Jacqueline Audry

1908-1977

Biography: life and films

Abstract picture representing Jacqueline Audry
Jacqueline Audry holds a significant place in French history as the first woman director to have any impact on French cinema after WWII. She only directed fifteen films, mostly literary adaptations, and her style was already dated by the time the French New Wave came on the scene. Audry may not have been a great innovator and most of her films today appear pretty ordinary for their time, but she was ahead of her time in her depiction of female sexuality and the female characters in her films are the most fully developed of any French film made in the 1950s. Audry had some commercial success but she was not a favourite of the critics - indeed she was lambasted for the supposedly scandalous content of her films. Today, she is criminally overlooked and her work deserves a far wider appreciation than it currently has.

Born in Orange, France, on 25th September 1908, Jacqueline Audry attended the Lycée Molière in Paris with her elder sister Colette Audry (who would become a novelist and screenwriter). She started out in the film business by working as an assistant to several distinguished directors, including Max Ophüls (Le Roman de Werther (1938)), G.W. Pabst (Jeunes filles en détresse (1939)) and Georges Lacombe (Les Musiciens du ciel (1940)). It wasn't until 1943 that Audry directed her first film, a short entitled Les Chevaux du Vercors.

At the time Audry started making films, the French film industry was male dominated and opportunities for women were few and far between. The first feature that she directed - Les Malheurs de Sophie (based on the novel of the same title by the Countess of Ségur) - was heavily censored and no longer exists. She followed this two years later with Sombre dimanche (1948), and then had her first hit with Gigi (1949), based on a popular novella by Colette, an author she was extremely fond of. The film not only made Audry's name as a director, it also made its lead actress, Danièle Delorme, an overnight star. Audry and Delorme collaborated on two further Colette adaptations, Minne, l'ingénue libertine (1950) and Mitsou (1956), the latter of which was widely condemned for its explicit depiction of a love affair outside marriage.

Audry's best film is, arguably, Olivia, adapted from a partly autobiographical novel by Dorothy Bussy. Not only is the film beautifully directed, scripted with depth and sensitivity by the director's husband Pierre Laroche and sister Colette Audry, it also broke new territory with its honest depiction of a lesbian relationship between a school headmistress (played by a superb Edwige Feuillère) and one of her students. Another inspired film was Audry's adaptation of Jean-Paul Sartre's well-known play Huis clos (1954). Le Secret du chevalier d'Éon (1959), Audry's most lavish production, makes a good historical romp but pales in comparison with her earlier work.
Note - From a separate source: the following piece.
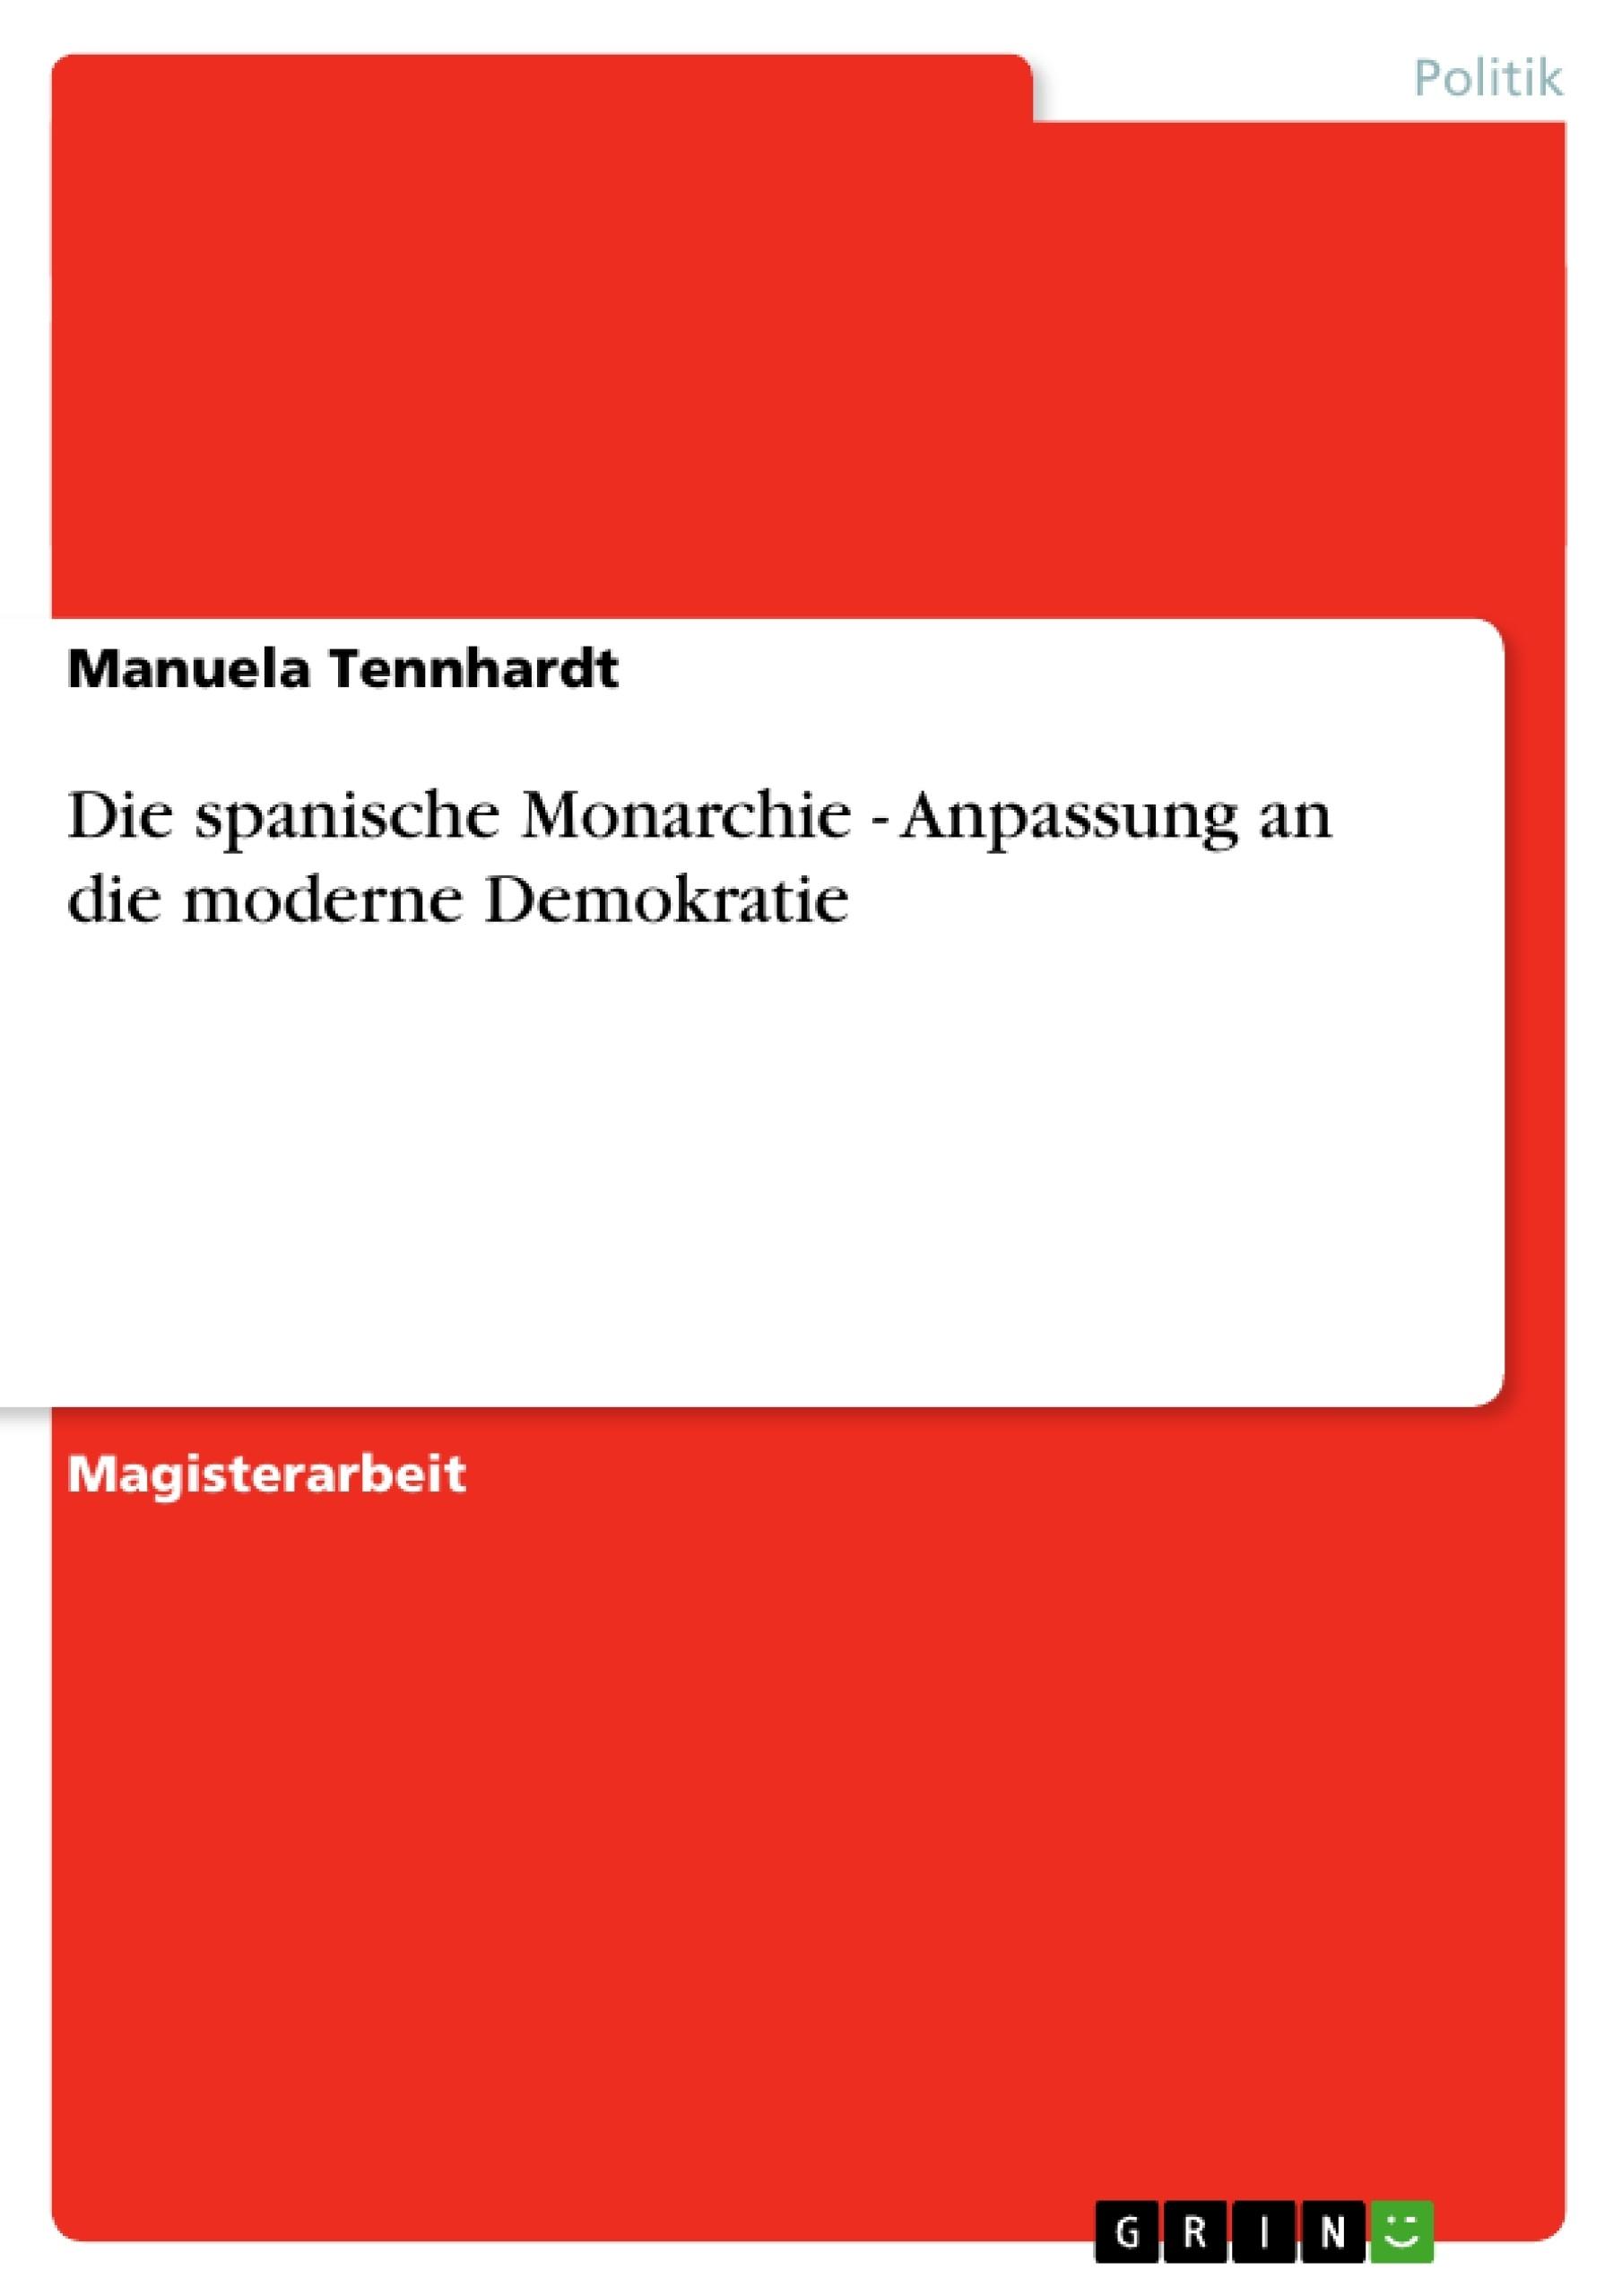 Titel: Die spanische Monarchie - Anpassung an die moderne Demokratie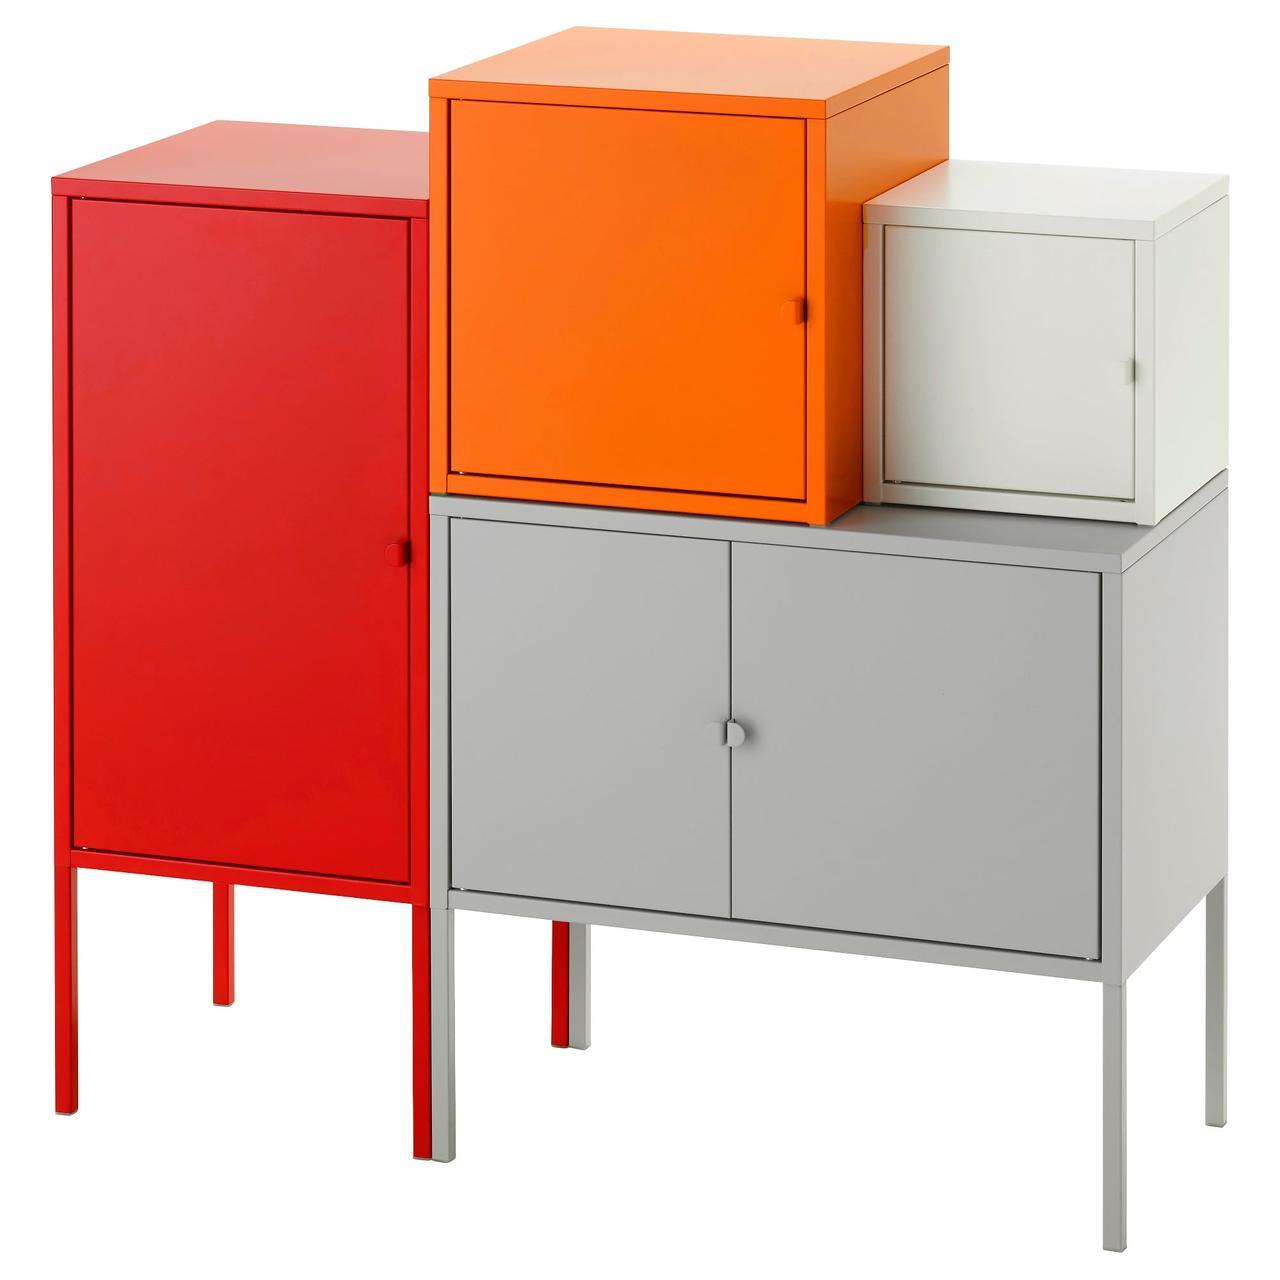 ЛИКСГУЛЬТ Комбинация д/хранения, серый/белый, оранжевый/красный

By the early 1960s, Jacqueline Audry had been overtaken by the Nouvelle Vague and her attempts to keep up with changing tastes - such as her lame stab at a comedic road movie, Les Petits matins - mostly fell flat. She directed one other notable adaptation, Fruits amers (1967), from a play by her sister, and contributed some scenes to Renzo Cerrato's Le Lys de mer (1969), before ending her directing career with a Franco-Polish television serial on the life of Honoré de Balzac, Un grand amour de Balzac (1973). Jacqueline Audry was 68 when she was killed in a road accident in Yvelines, France, on 22 June 1977.